2. Materials and Method

Prospective study involve (697) patients. Age (18-77 y) and involve male (387), female (310). The study was done in Al-Ramadi health center in department of dental implantology. The study was done between (2013-2107). The criteria used for assessment patient prior to implant surgery as follow: No systemic disease (heart disease), good glycemic control, good oral hygiene, no periodontitis, the bone quality and tissue thickness is good, no smoking 2 week before surgery, the patient should complaint regarding dental implant surgery with good economic level. 820 easy implant® by franch dental implants manufacturer with sandblast surface, cylindrical-conical with internal hexagon and Morse taper connection are used. The patients is under go good clinical, radioraphical examination before surgery and dental examination. OPG (Orthopantomograph) is used to measure the location of adjacent vital structures related to dental implant site: Floor of maxillary sinus, floor of nasal cavity and mandibular canal. The patients were treated under local anesthesia (2%xylocaine with1:80000 adrenalin) using flap surgery. Antibiotic cover were prescribed in post-surgical period (Ampicillin 500mg four time per day /week). The dental implants were kept unloaded during healing period. Variety of dental implant length and diameter is used as follow: Upper Central incisor 5×11.5 (n=80), upper lateral incisors 5×8.5(n= 75), upper canine 5×8.5(n=70), upper 1st premolar 4.3×11(n=76), upper 2nd premolar 4.3-8(n=67), upper molars 5×7(n=76). Lower central incisors 3.5×10(n=50), Lower lateral incisor 3.5×10.5(n=67), lower canine 3.5×11.5(n=78), lower 1st premolar 3.5×8(n=55), lower 2nd premolar 3.4×8(n=50), lower molars 4.5×7(n=76). The patients were followed during the study period clinically and radio graphically 2,6and 12 months after dental implant surgery. The criteria assessment the success of dental implant is used: No pain, no mobility, no suppuration and inflammation with no peri-implant radiolucency. Dental implant success rate were recorded and compared.

3. Statistical Results

The statistical analysis of the study Table 2 & Figure 2, Figure 3 demonstrate the effect of length and diameter & position of dental implant on the success rate of dental implant for (697) patients come to replace their teeth. The results indicate that the highest survival rate was (75.0000 +/- 5.0000) in AMX 3 position. While the lowest survival rate in PM 3 was (55.3333 +/- 5.05757). The survival rate AM3 is (66.3333 +/- 5.13160) & PMX3 is (62.6667 +/- 12.50333). The mean difference is significant at 0.05 level.

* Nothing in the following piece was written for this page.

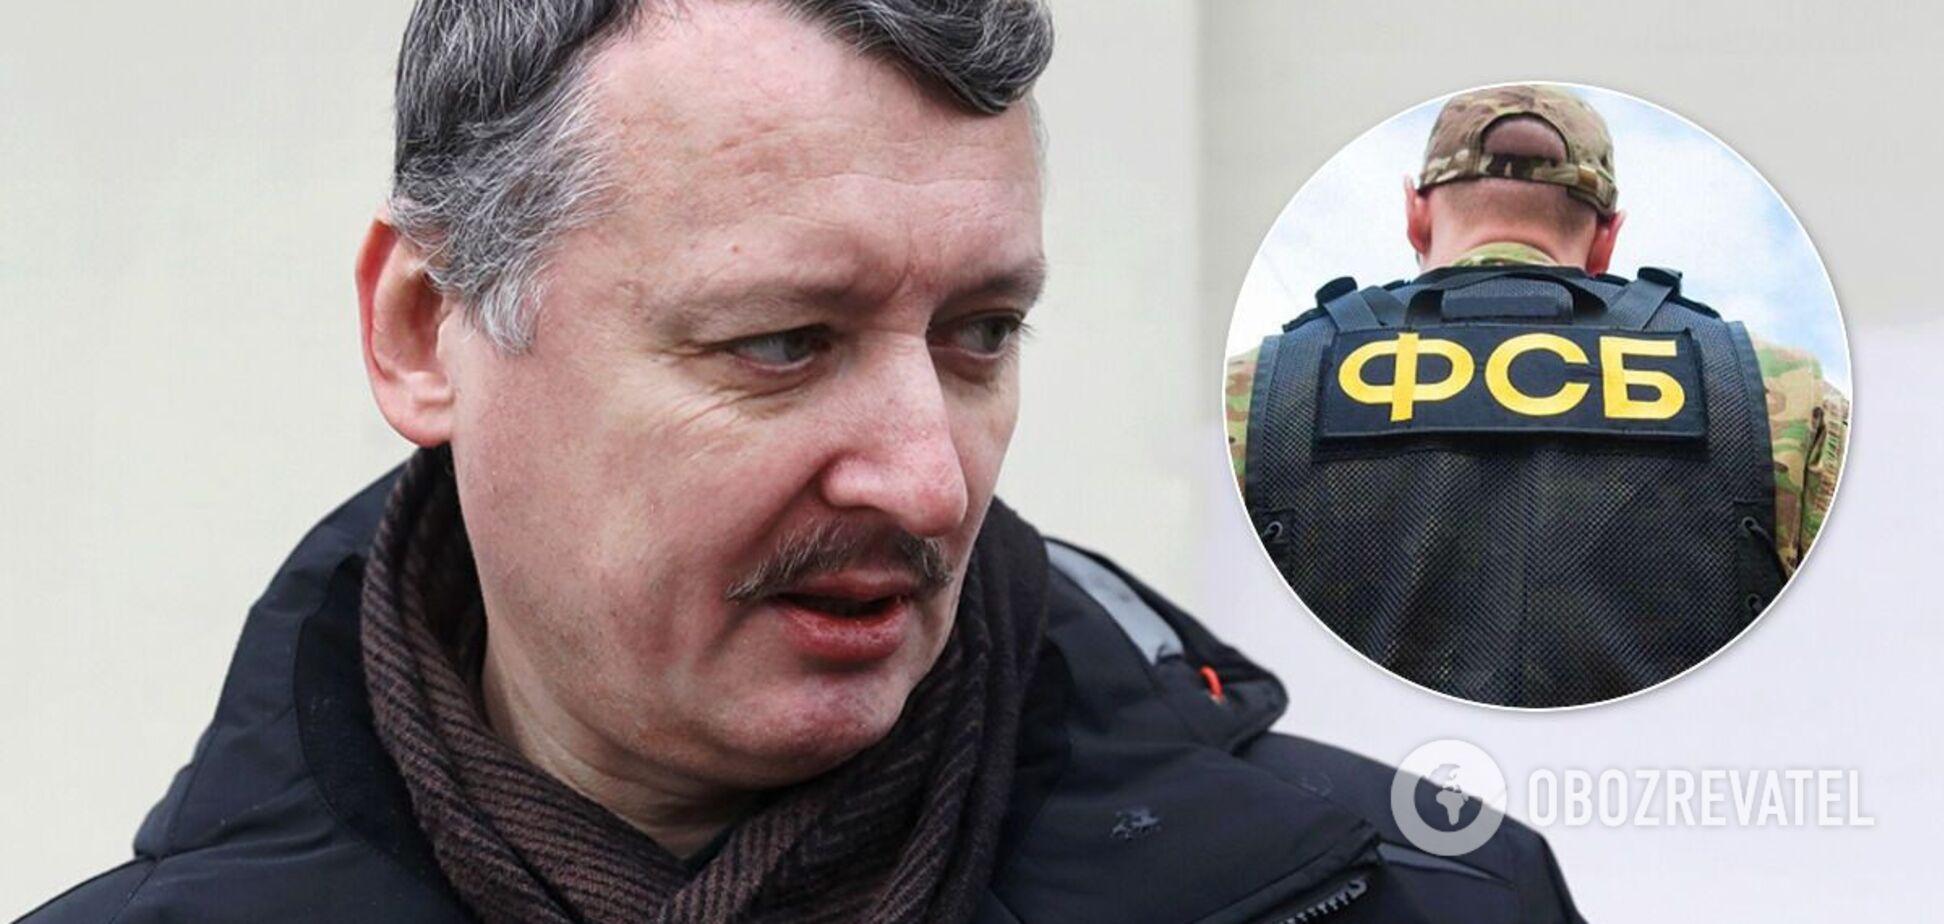 Гиркин признался, что генералы ФСБ сколотили состояния на Донбассе. Видео

The results in Table 5 and Figure 4 of our study indicate that the highest mean of failure was in PM3 (12.2667 +/- 6. 75599). While AMX3 show the lowest mean of failure near (0.0000+/-0.00000). The mean of failure in AM3 was (4.7367 +/- 1.05557) and in PMX3 was (5.6000+/- 1.12694). The mean difference is significant at 0.05 level.

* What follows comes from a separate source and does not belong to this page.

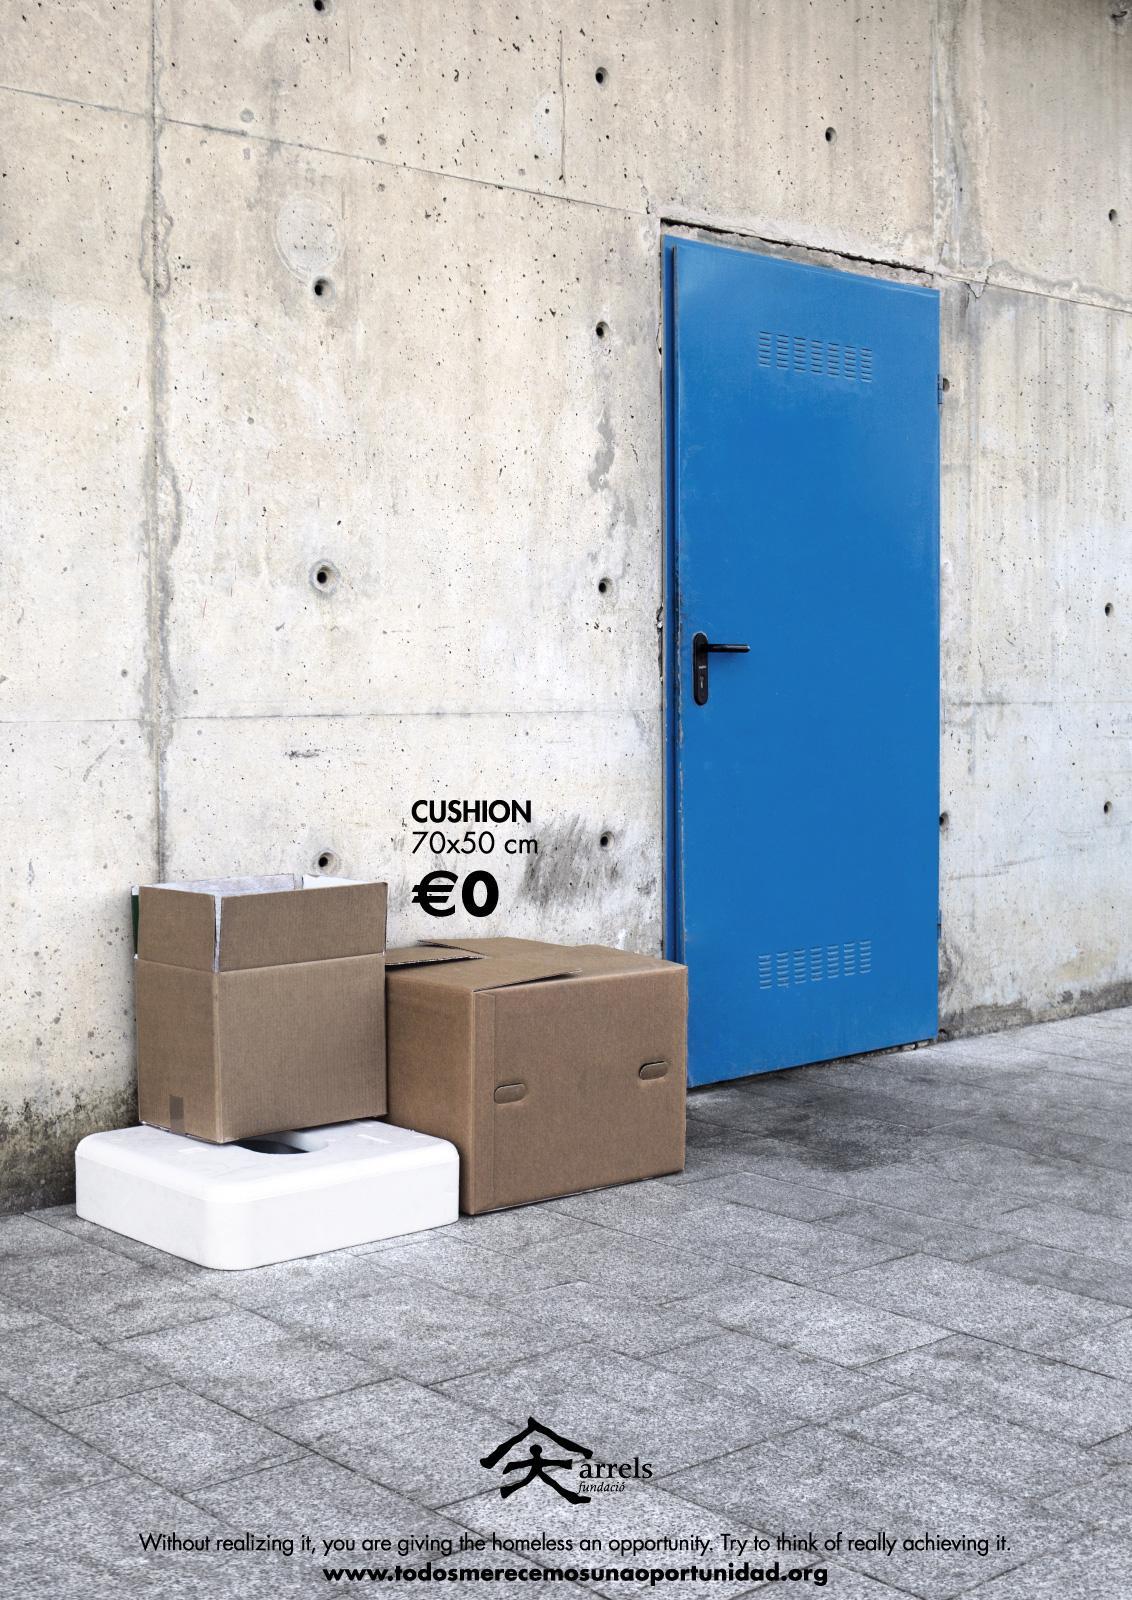 Arrels Foundation Print Ad -  Cushion

The statistical analysis of our study Table 8 & Figure 5 show the higher mean of diameter of dental implant was in AMX3 (5.0000 +/- 0.0000). While lower mean of diameter in AM3 (3.5000 +/- 0.00000). The mean of diameter in PM3 was (3.8333 +/-0.57735) and in PMX3 was (4.5333 +/- 0.40415). The mean difference is significant 0.05 level.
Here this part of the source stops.